Living far from family
Japanese people originally lived close to families and relatives. Traditionally, when a woman got married, she would live in the house with the husband and husband’s parents. People rarely moved to far away places because they didn’t have the way of transportation. In a sense this was a difficult time for women, because they had to follow strict rules of the husband’s family and obey. But there were many people to look after children.
Now, it is a very different story. Many young people move to Tokyo from their original town, away from family, for university or for work. That means it is very likely that they will meet their spouse in Tokyo, and get married there. Because the couple is already working in Tokyo, they will probably stay there even after having children.

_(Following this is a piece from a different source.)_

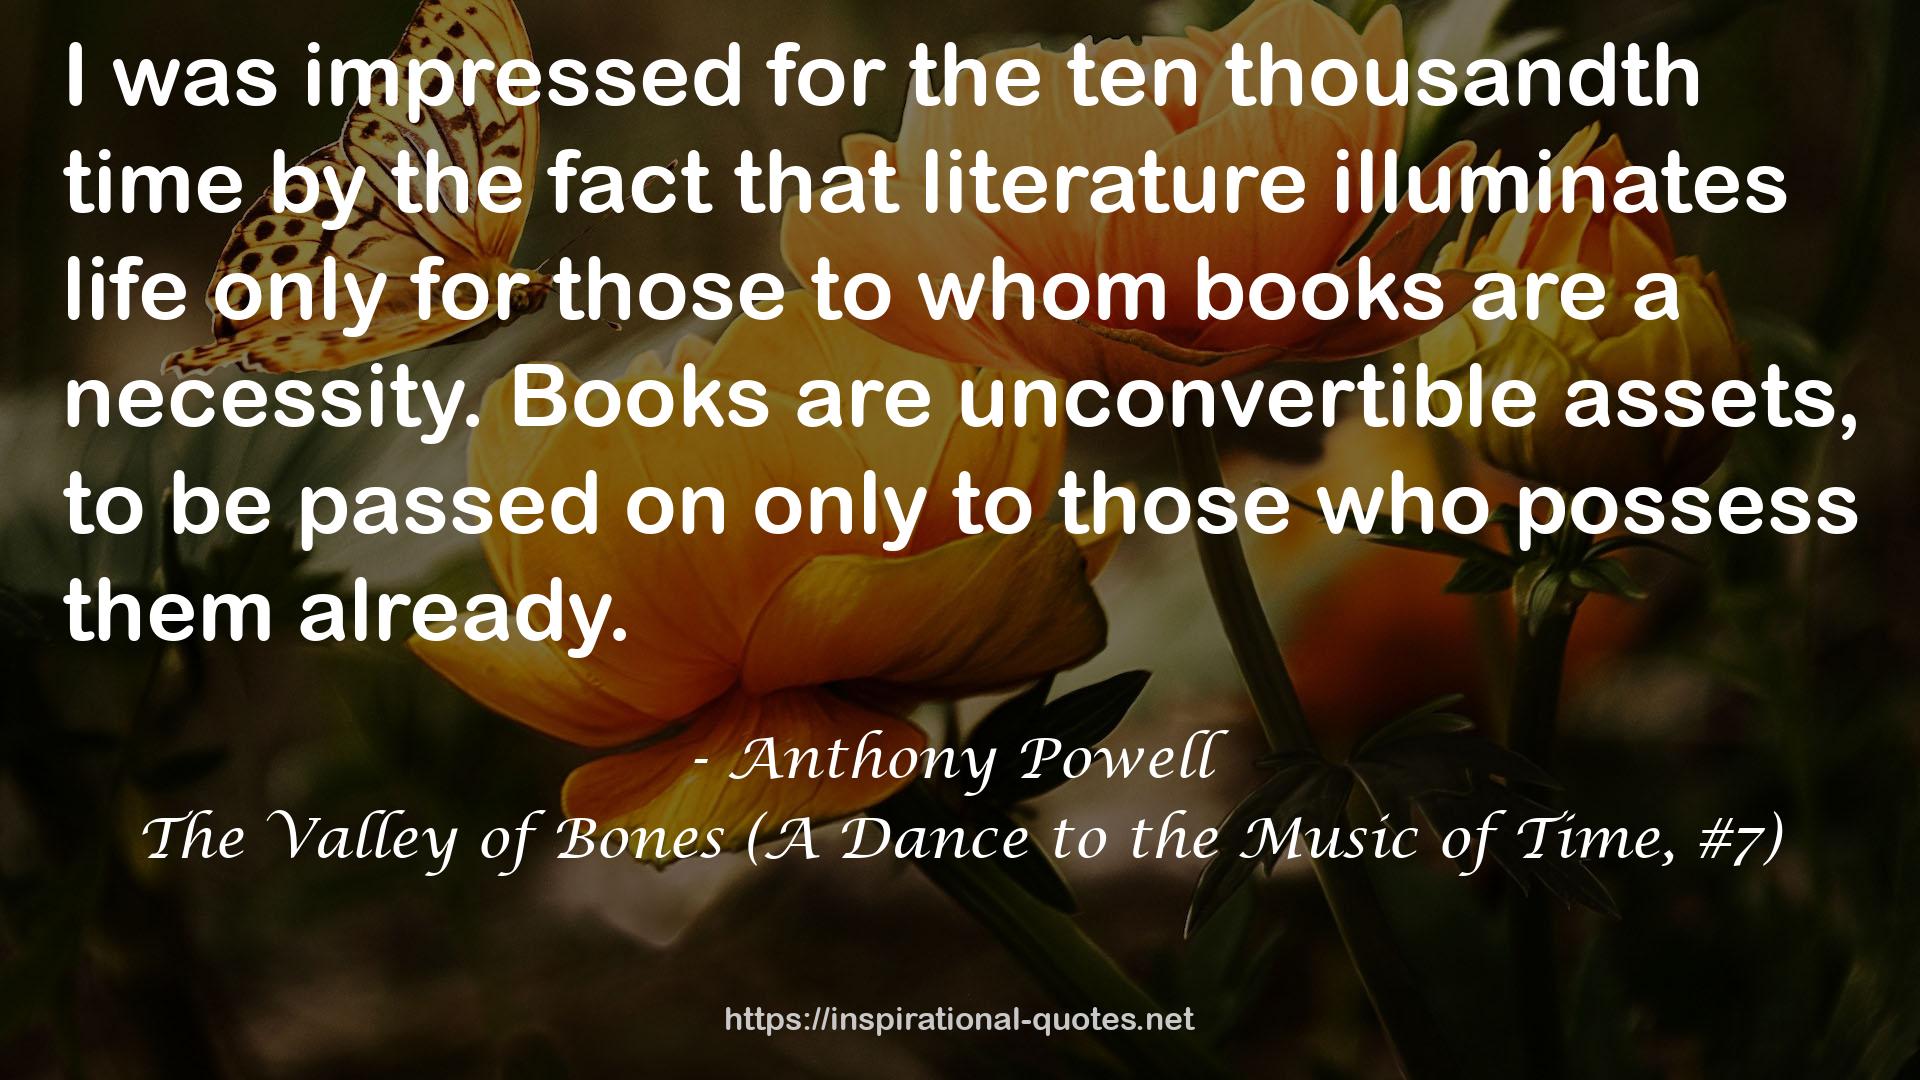 The Valley of Bones (A Dance to the Music of Time, #7) QUOTES
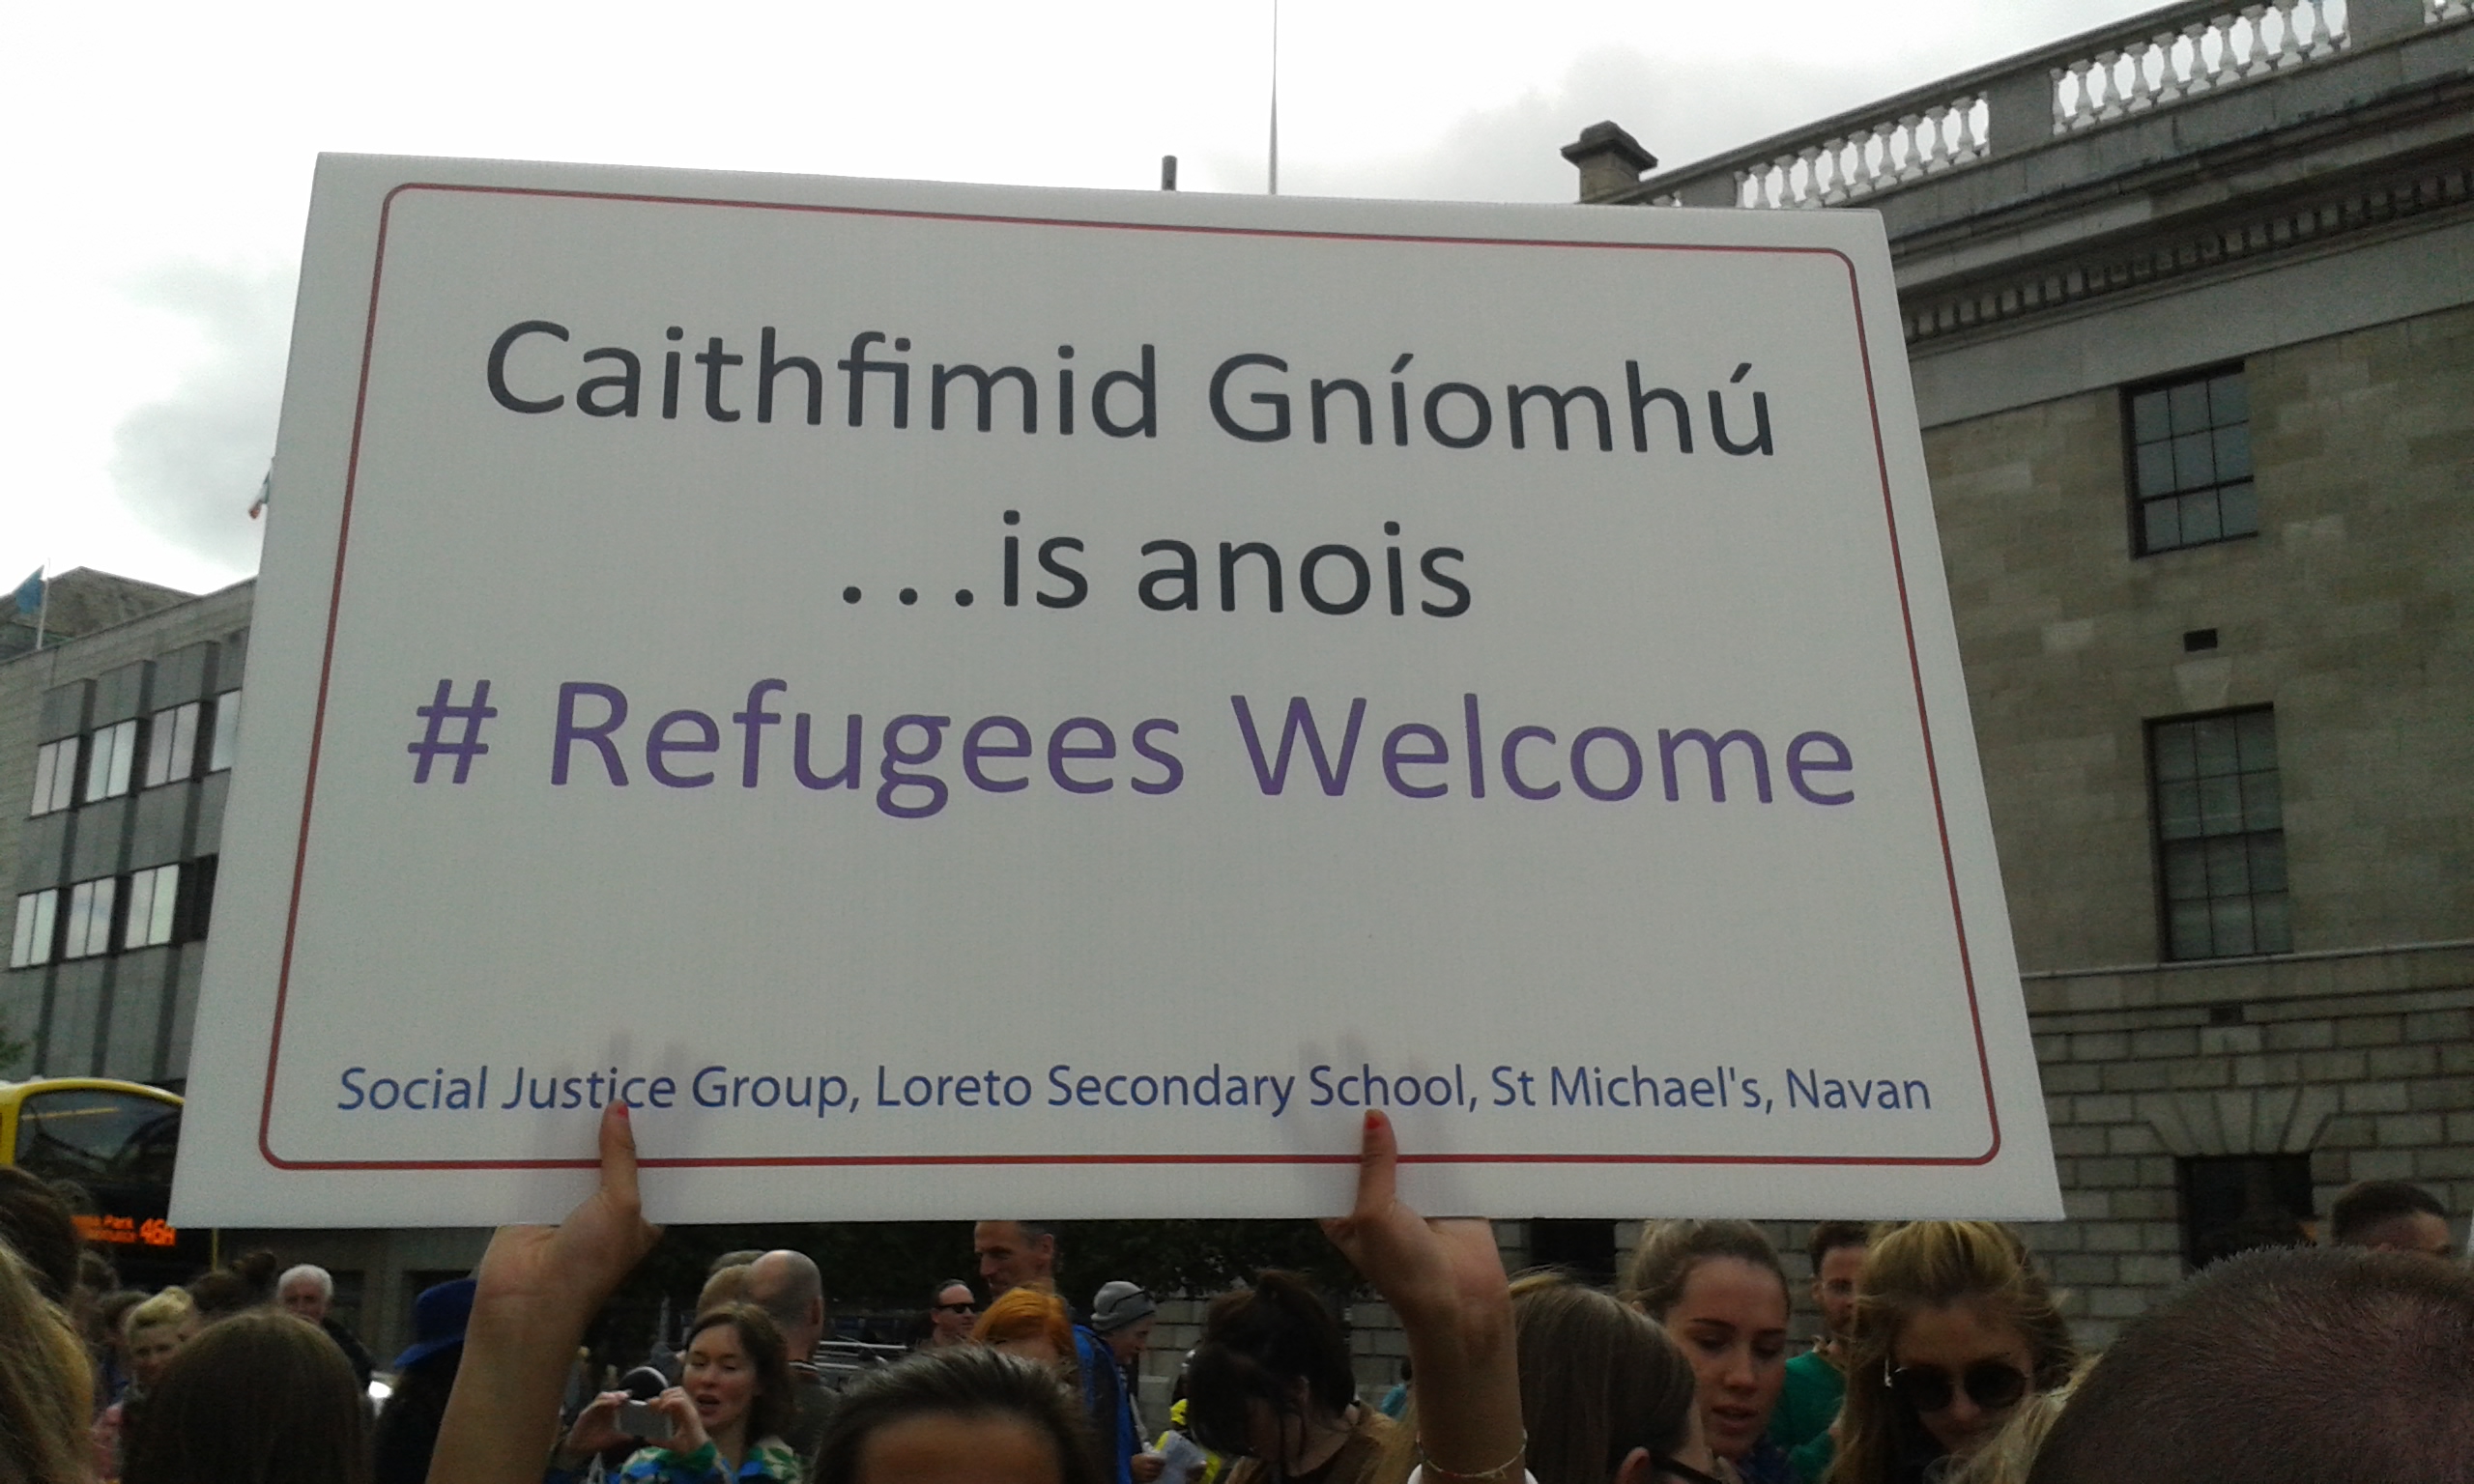 Refugees Welcome sign by  Social Justice Group, Loreto Secondary School from St Michael's Navan at solidarity rally to welcome refugees in Dublin (Sept 12th, 2015). Photo: Grace McManus)

The grandparents are living far away and cannot come to help with kids. Certainly, they will come visit occasionally, but they will not be there during emergencies. The mom and dad are the only ones who can support with parenting. If both parents are working, who is going to take care of the child when he/she gets sick? How can they take one sick child to the doctor without taking the other healthy one?
In Japan, the idealism of a super-mom exists. A mom always has to keep the house clean. A mom always has to cook healthy food. A mom always has to be understanding. A mom has to give up many things because she is a mom. And this idealism is so serious that many Japanese moms feel guilty when they don’t commit to house chores or parenting fully enough. Not parenting good enough is like “buying dinner at MacDonald’s instead of preparing a nutritious home-made meal” or “leaving the dirty dishes to wash tomorrow instead of tonight” or “not vacuuming the floor for one week”. I know, it’s silly. But it’s serious for many Japanese moms. These small things matter so much that they lose self-esteem. So, many families decide not to have multiple kids because for many moms that cannot be tolerated.
These are some of my impression on why birthrates are decreasing in Japan. Of course there are many other factors, but I concentrated on the environmental factors because those are the factors I feel the most as a mom.